PROBLEM STATEMENT —
Only the lines from the one containing "Ghorepani Poon Hill" to the end of the material are to be copied, exactly and in full; images stay out.

MATERIAL PROVIDED —
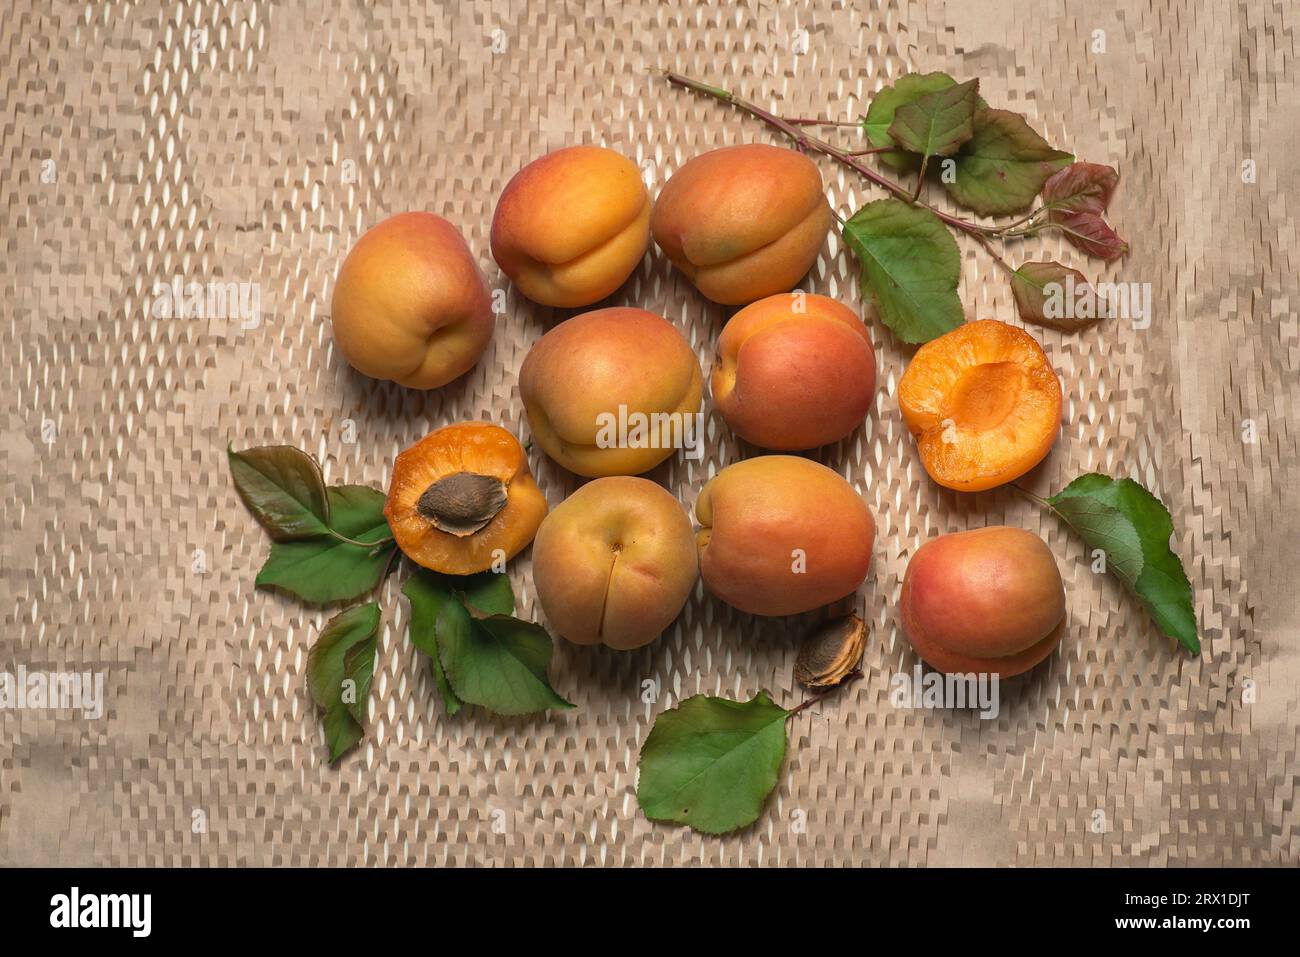 Abricots frais, mûrs et juteux sur un fond clair. Fruits entiers, avec feuilles, moitiés d'abricot Banque D'Images
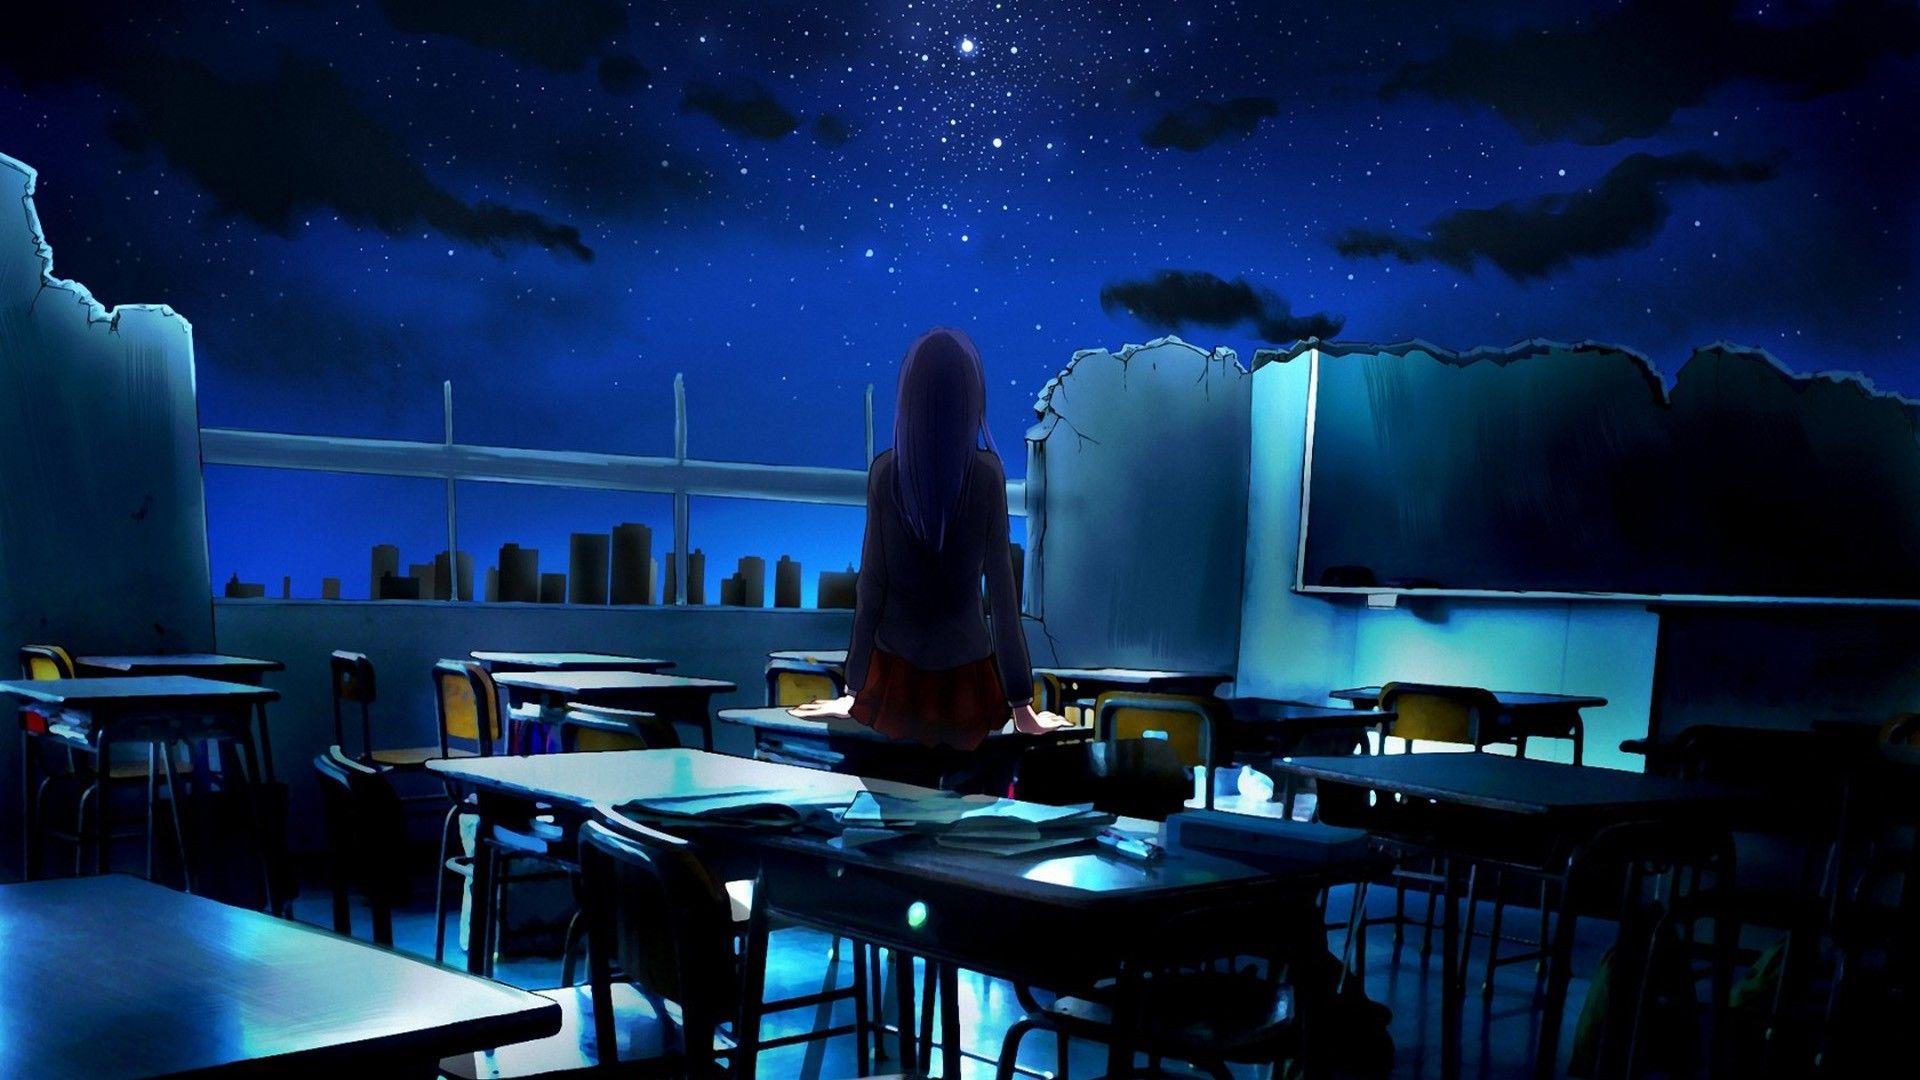 Hình nền máy tính để bàn 1920x1080 Anime girl cầu nguyện trong lớp học đổ nát dưới bầu trời đêm đen
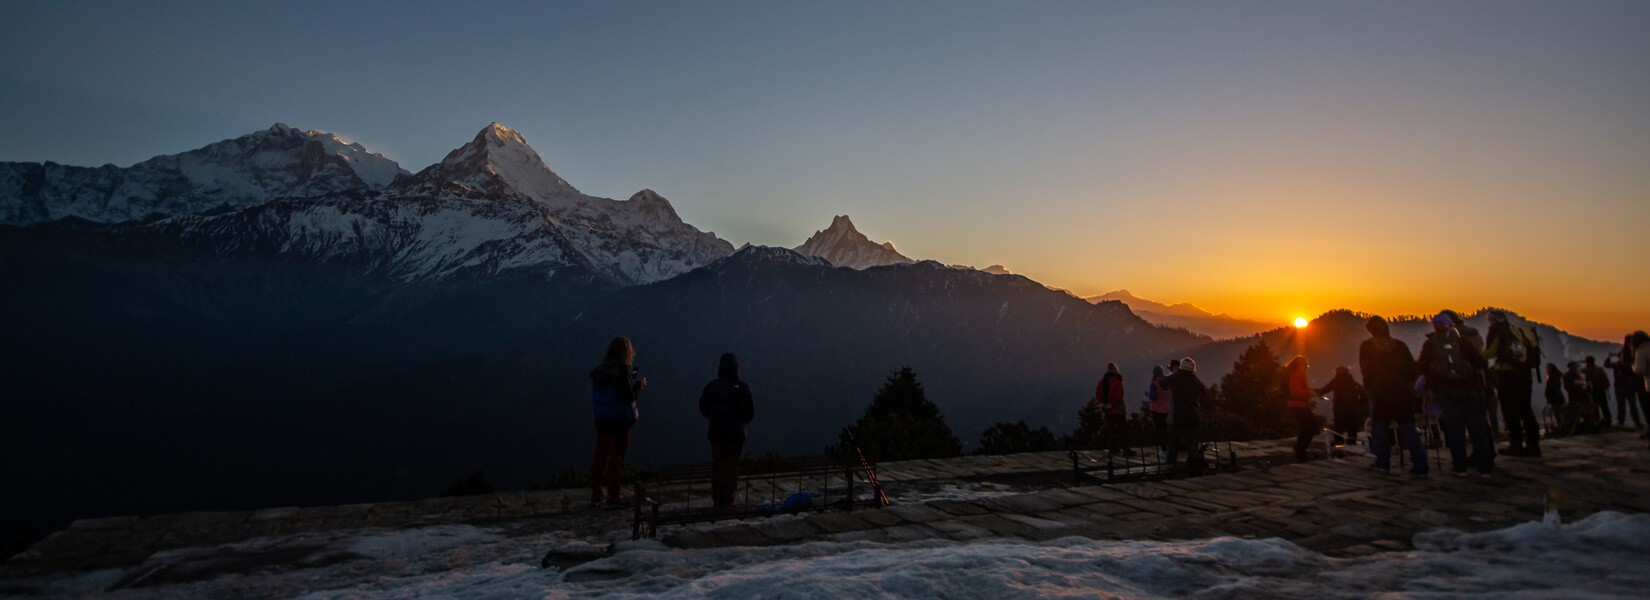 Ghorepani Poon Hill Trek | Himalayan Ecological Trekking
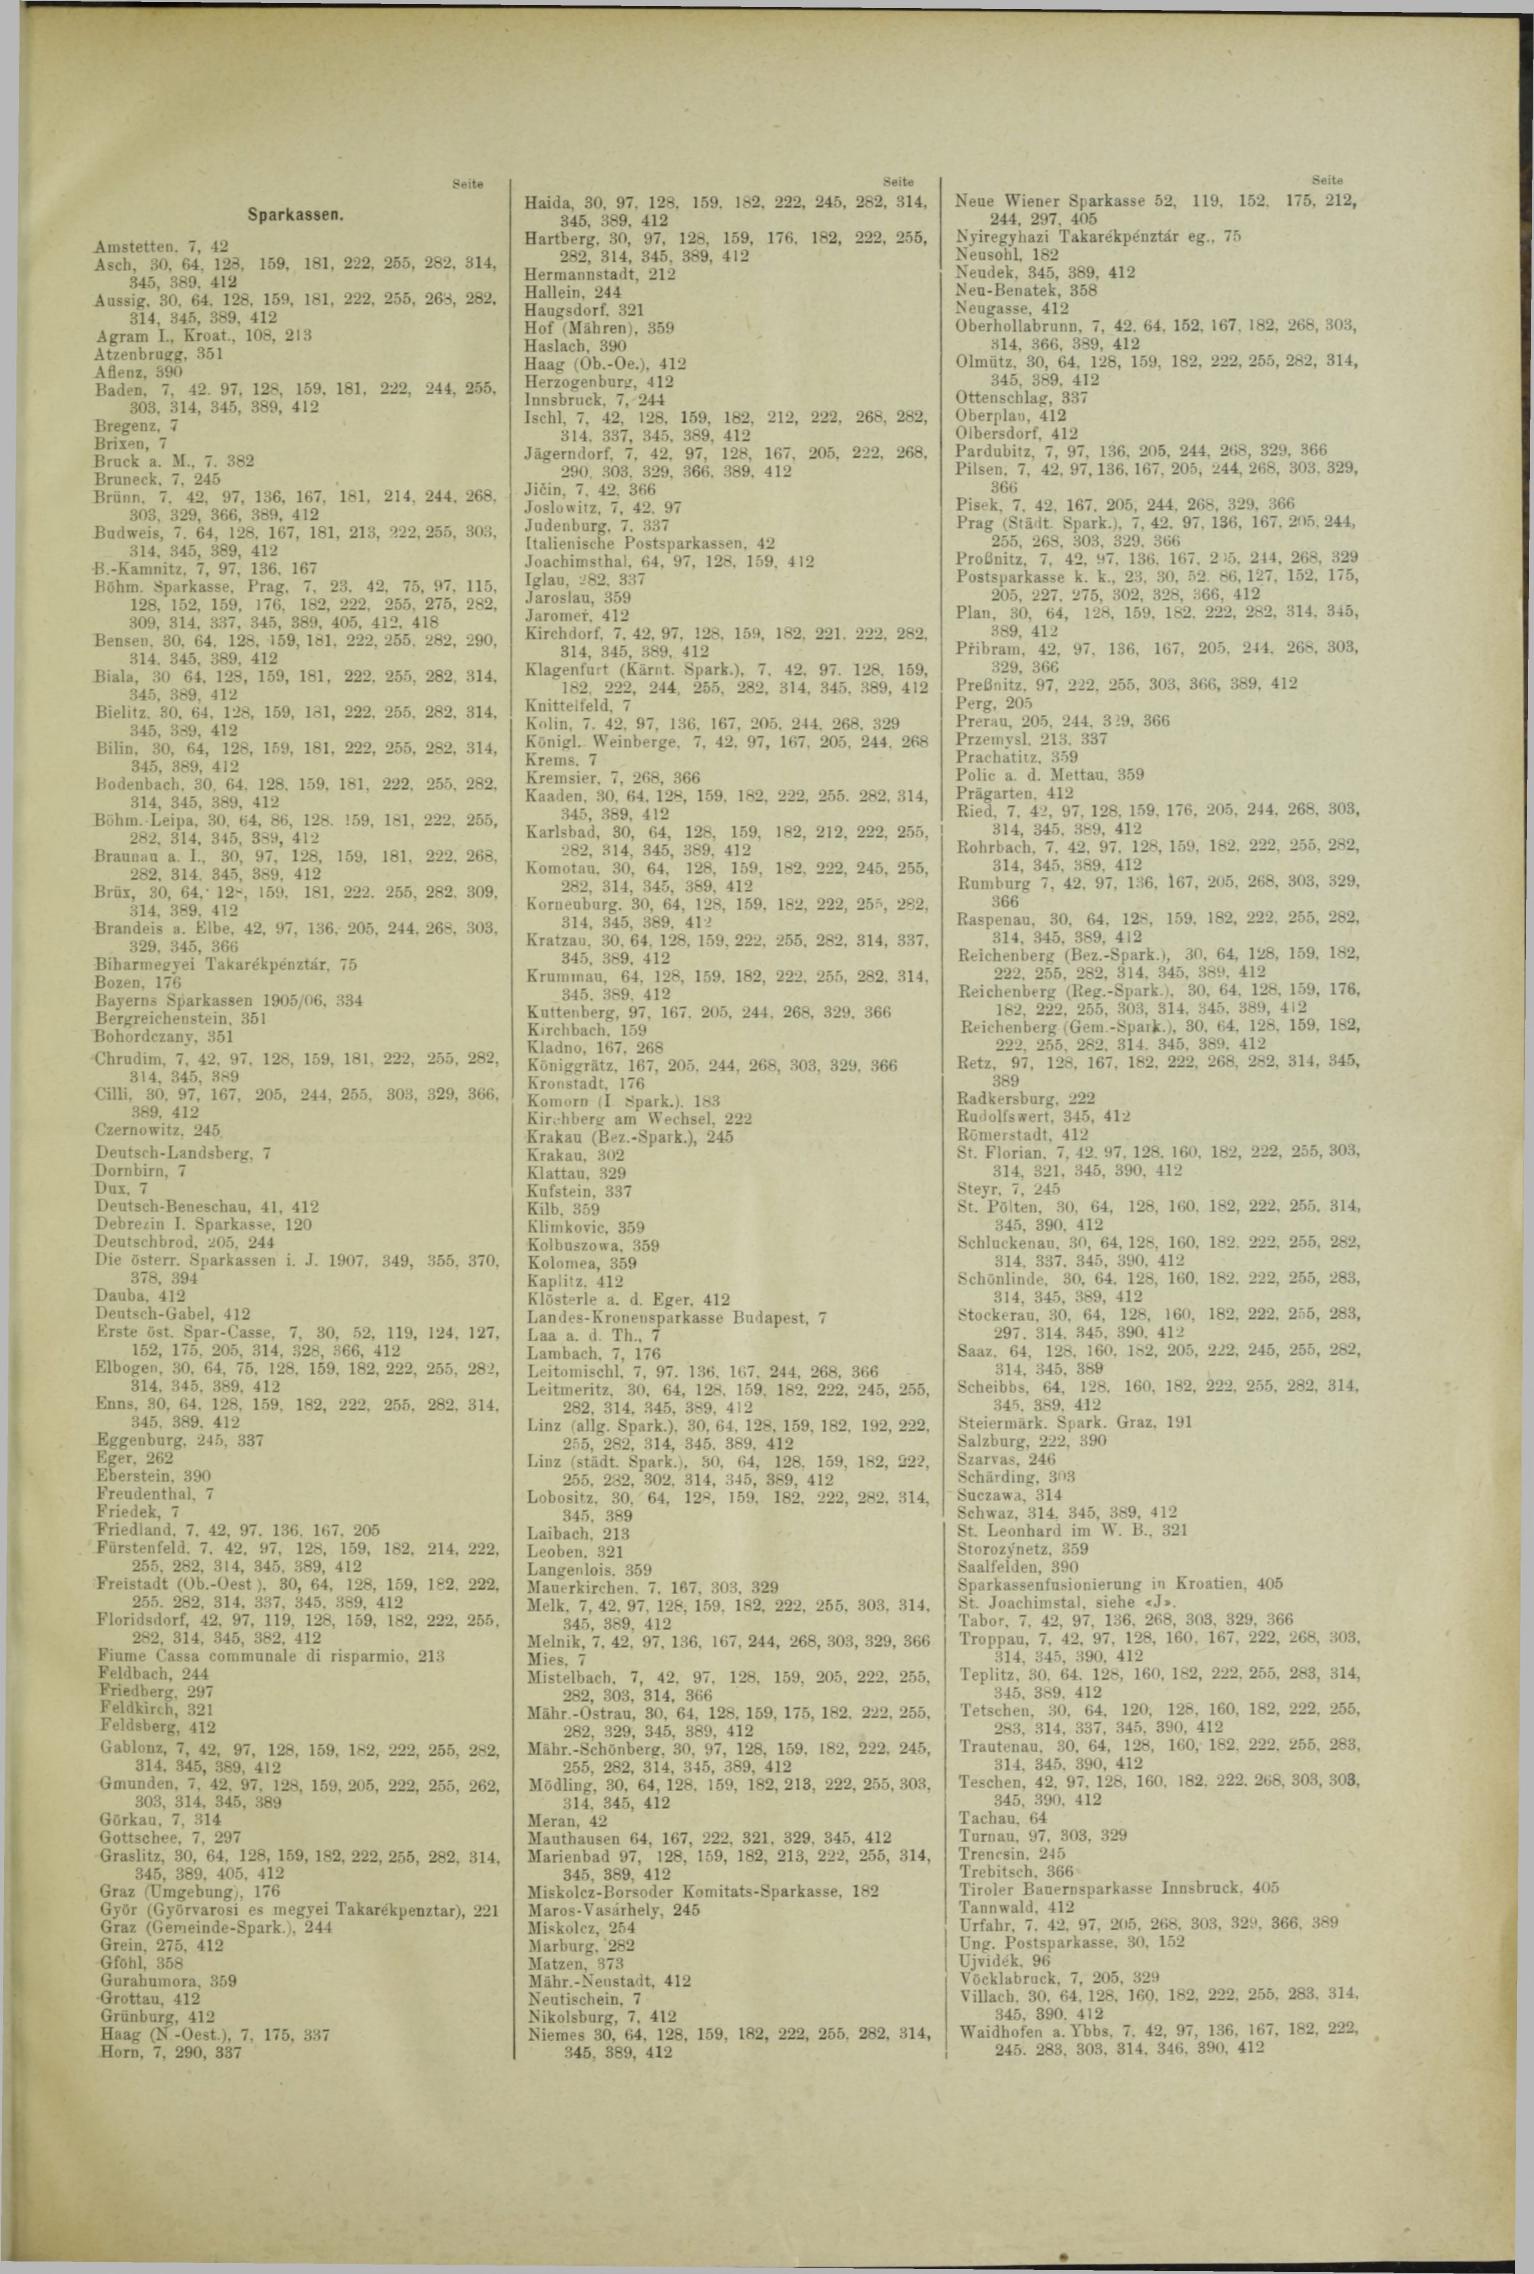 Der Tresor 17.10.1908 - Seite 11

THE ANSWER —
 Ghorepani Poon Hill Trek | Himalayan Ecological Trekking
 Der Tresor 17.10.1908 - Seite 11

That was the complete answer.